Overview

A Study of Leuprolide 11.25 mg and 30 mg Administered Every 3 Months to Treat Central Precocious Puberty

Status:
Completed

Trial end date:
2010-06-01

Target enrollment:
0

Participant gender:
All

Summary

The purpose of this study is to determine if 11.25 and 30 mg formulations of leuprolide are effective in treating children with Central Precocious Puberty (CPP).

Phase:

Phase 3

Accepts Healthy Volunteers?

Details

Lead Sponsor:

Abbott

Treatments:

Leuprolide

Criteria

Inclusion Criteria:

- Subject has a clinical diagnosis of CPP.

- Eligible to receive at least 6 mo of therapy to treat CPP after study entry.

- Bone age advanced at least 1 year beyond the chronological age at time of diagnosis or
first treatment.

- In general good health with no uncontrolled, clinically significant disease which
would interfere with bone maturation or mask the objectives of this protocol as
assessed by the investigator.

Additional criteria for subjects who have not had previous treatment:

- Girls 2-8 years inclusive or Boys 2-9 years inclusive at Day 1.

- Has pretreatment pubertal response to leuprolide acetate stimulation (luteinizing
hormone ≥8 mIU/mL) at Screening.

- Breast pubertal staging of at least 2 in girls; testicular volume of at least 4 cc or
testicular length greater than 2.5 cm in boys at Screening.

Additional criteria for subjects previously treated:

- Girls 2-10 years inclusive or boys 2-11 years inclusive at Day 1.

- Must have been on standard gonadotropin releasing hormone analog therapy for at least
the 6 mo prior to Day 1.

- Has documented maintenance of luteinizing hormone suppression as evidenced by peak
stimulated level <4 mIU/mL at Screening.

Exclusion Criteria:

- Incomplete precocious puberty (premature thelarche, premature adrenarche).
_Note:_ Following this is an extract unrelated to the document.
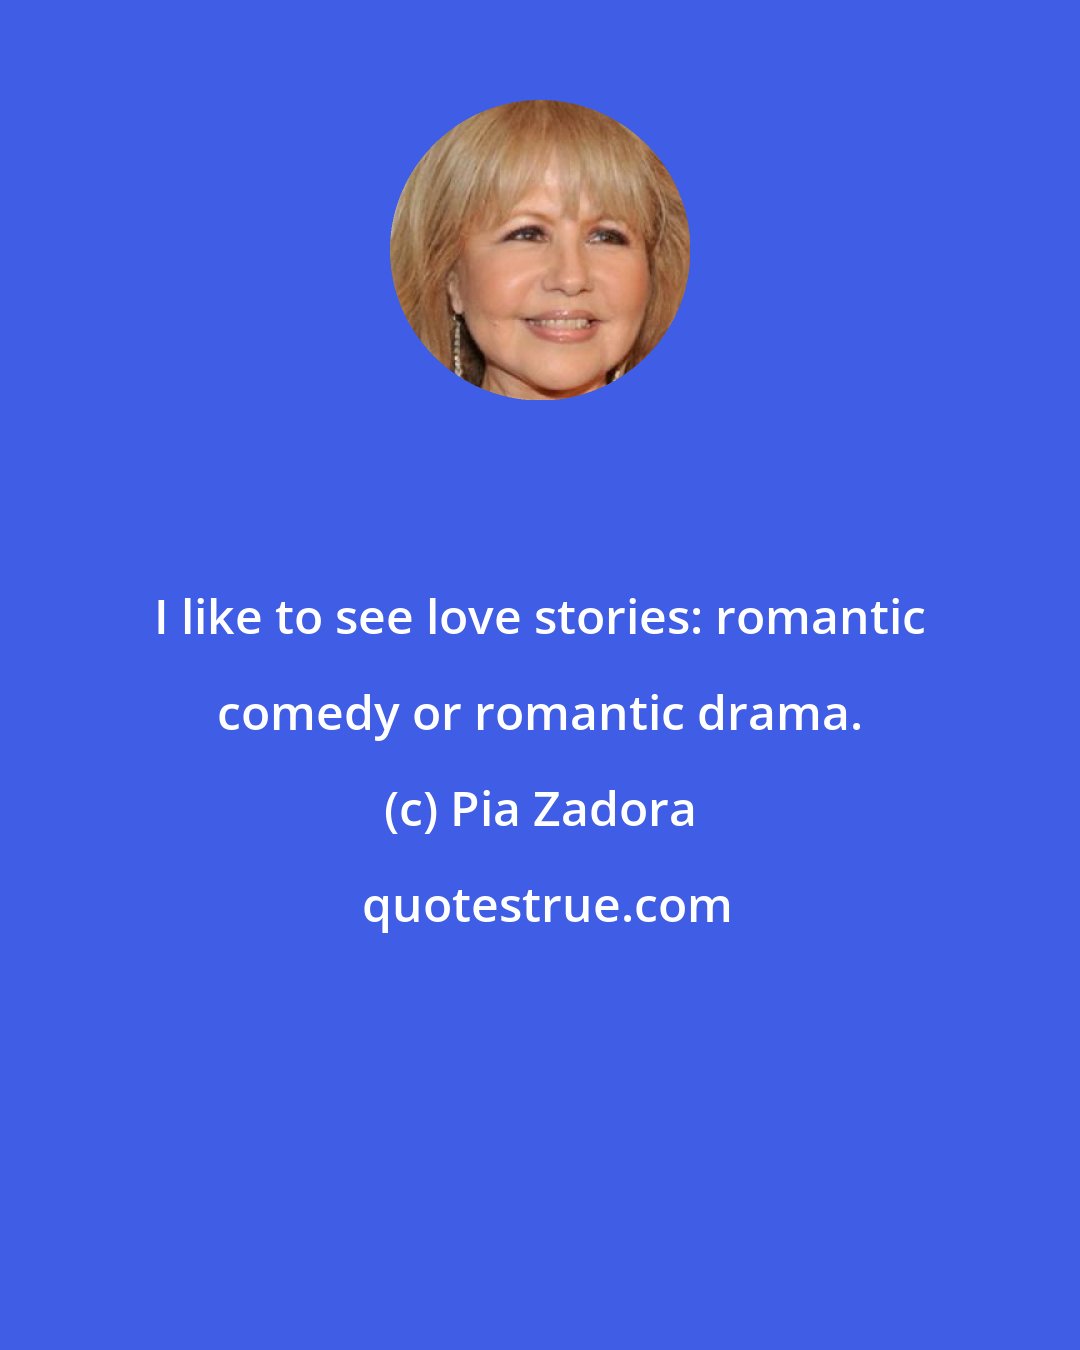 Pia Zadora: I like to see love stories: romantic comedy or romantic drama.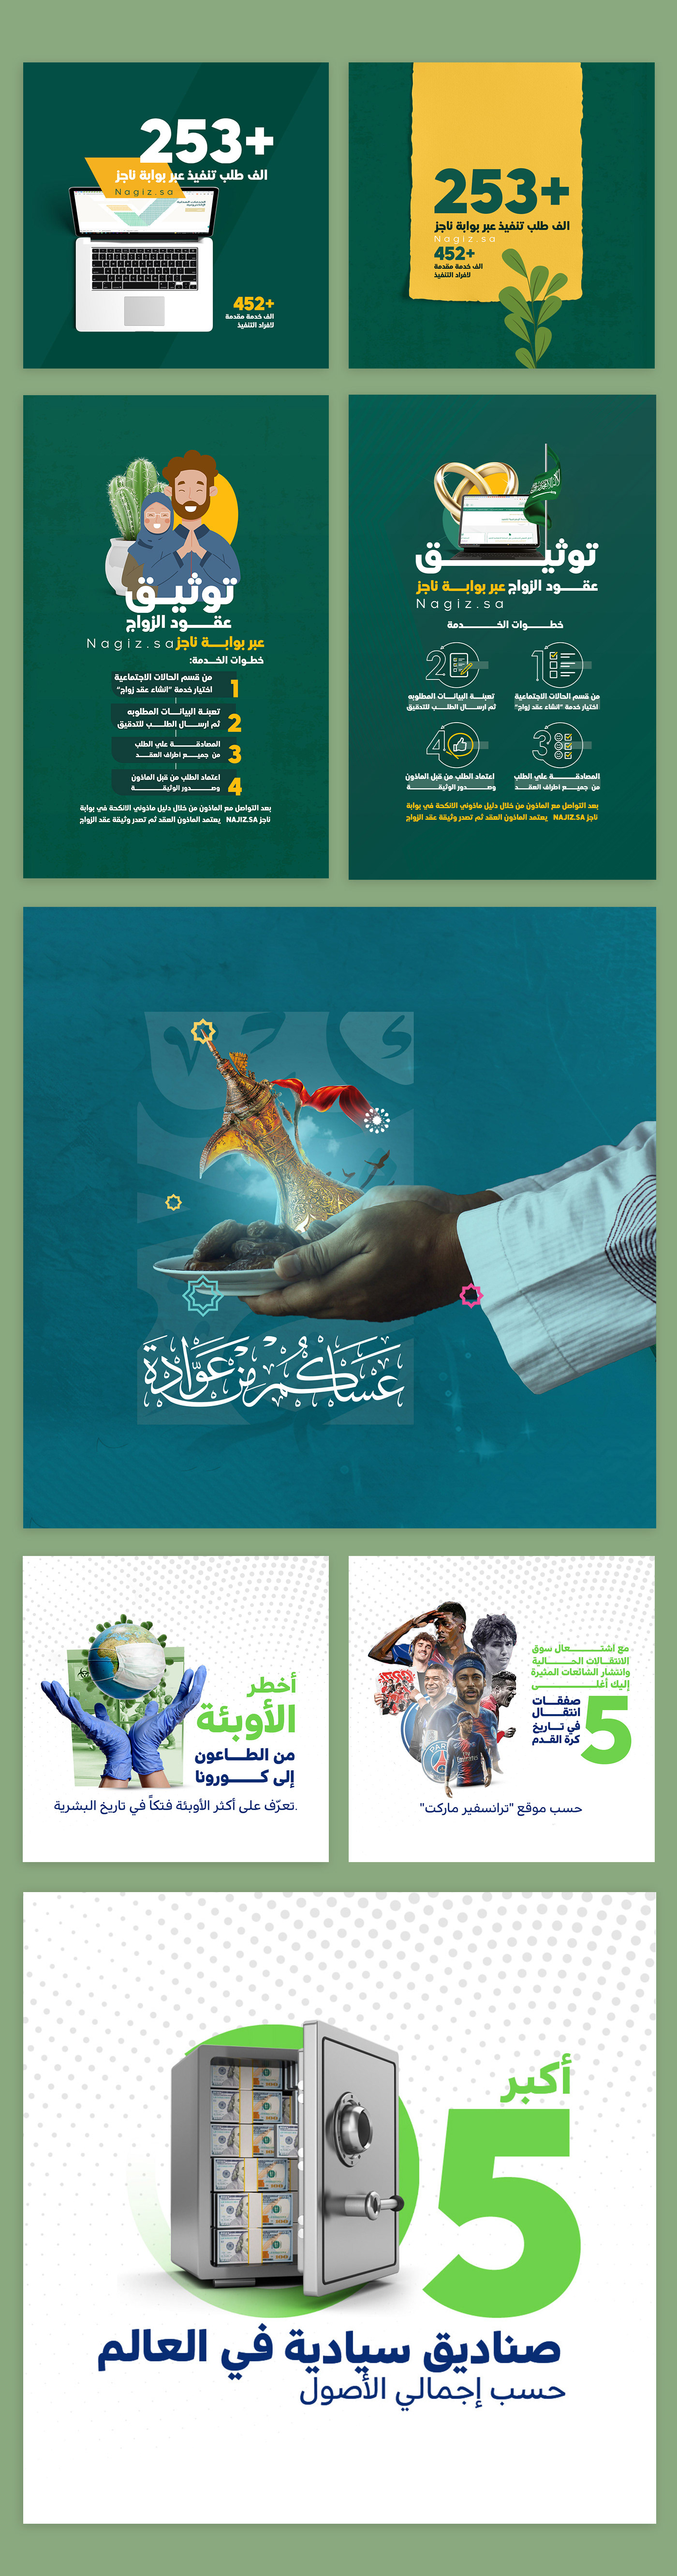 Digital Art  digital marketing infographic KSA marketing   Saudi Arabia saudi national day saudiarabia social media اليوم الوطني السعودي 91

- Peripheral precocious puberty: gonadal or adrenal tumors, congenital adrenal
hyperplasia, testotoxicosis in boys, human chorionic gonadotropin secreting tumor or
McCune-Albright syndrome in girls.

- Evidence of any abnormal pituitary, hypothalamic, adrenal, thyroid and gonadal
function other than premature secretion of gonadotropins not adequately controlled.

- Unstable intracranial tumors (unresponsive to treatment/expanding) except hamartoma.

- Previous treatment with GnRHa therapy requiring leuprolide acetate for depot
suspension >15 mg monthly.

- Bone age >13 years for girls and >14 years for boys.

- Any other condition interfering with growth, ie, skeletal dysplasia, cerebral palsy.

- Chronic illness requiring treatment that may interfere with growth, ie, chronic
steroid use, renal failure, moderate to severe scoliosis.

- Diagnosis of short stature, ie more than 2.25 standard deviations below the mean
height for age (growth chart measurement).

- Prior or current therapy with medroxyprogesterone acetate or growth hormone.

- Has an abnormal laboratory value suggesting a clinically significant underlying
disease .

- Creatinine >1.5 mg/dL, alanine aminotransferase and/or aspartate aminotransferase >2.0
x upper limit of normal, or total bilirubin >2.0 mg/dL with aspartate
aminotransferase/alanine aminotransferase elevated above normal limits.

- Positive pregnancy test.

- Known hypersensitivity to study medication or its excipients.

- Participation in another drug research within 3 mo of enrollment into this study.

- Prior or current therapy with insulin-like growth factor-1.

- Use of an estrogen preparation within 2 mo prior to Day 1.